Spieth returns to the course where career took off

PALM HARBOR, Fla. — Being back at Innisbrook is enough to make Jordan Spieth wonder if his entire season boiled down to three holes.

One was a two-putt par. The other was a tough flop shot from 50 feet that he knocked in for birdie on the 17th hole. The last one — perhaps the most important — was a bunker shot to 7 feet and a par putt on the final hole for a 1-under 70 to tie for seventh.

That was worth $148,893.

That was enough money to give him special temporary membership on the PGA Tour, key for earning a full tour card.
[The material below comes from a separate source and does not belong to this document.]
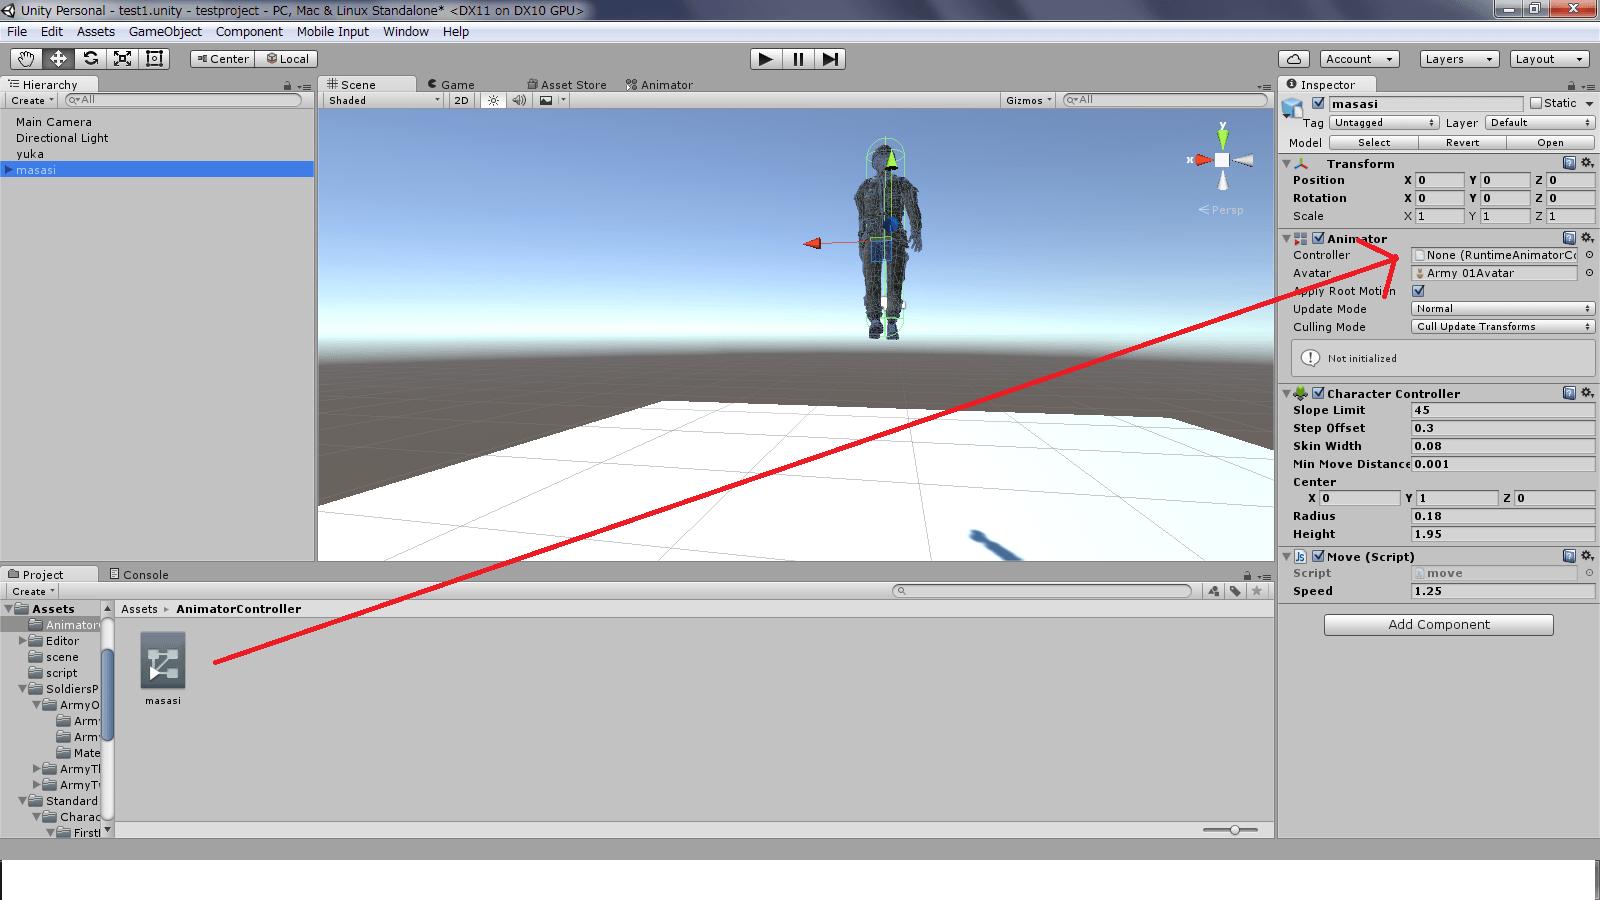 キャラクターのアニメーターにアニメーターコントローラーを設定する

Before holing out that chip, Spieth was projected to be $195 short of temporary membership, and who knows what would have happened if he didn’t nail it down that day at Innisbrook.

“The last three holes on Sunday here were three of the biggest holes I played all last year,” the 20-year-old Spieth said Wednesday. “I mean, none of the rest of it possibly would have happened if wasn’t able to hole a flop shot on 17 and got up-and-down out of the front bunker on 18.”

The “rest of it” turned out to be far more memorable than his tie for seventh in what his now called the Valspar Championship.

A playoff win at the John Deere Classic (after holing a bunker shot on the 72nd hole). A 62 in the final round at TPC Boston while playing with Phil Mickelson to secure a spot in the Tour Championship. A captain’s pick for the Presidents Cup, making him the youngest American ever in the matches. Seventh place in the FedEx Cup.

Spieth was reminded of the significance when he was flipping through channels Tuesday night and saw highlights of his finish from Innisbrook.

“I gave more fist pumps than I did at the Deere,” he said about his par putt on the 18th hole. “It was pretty cool to watch, and it was one of the biggest stretches that I’ve ever played.”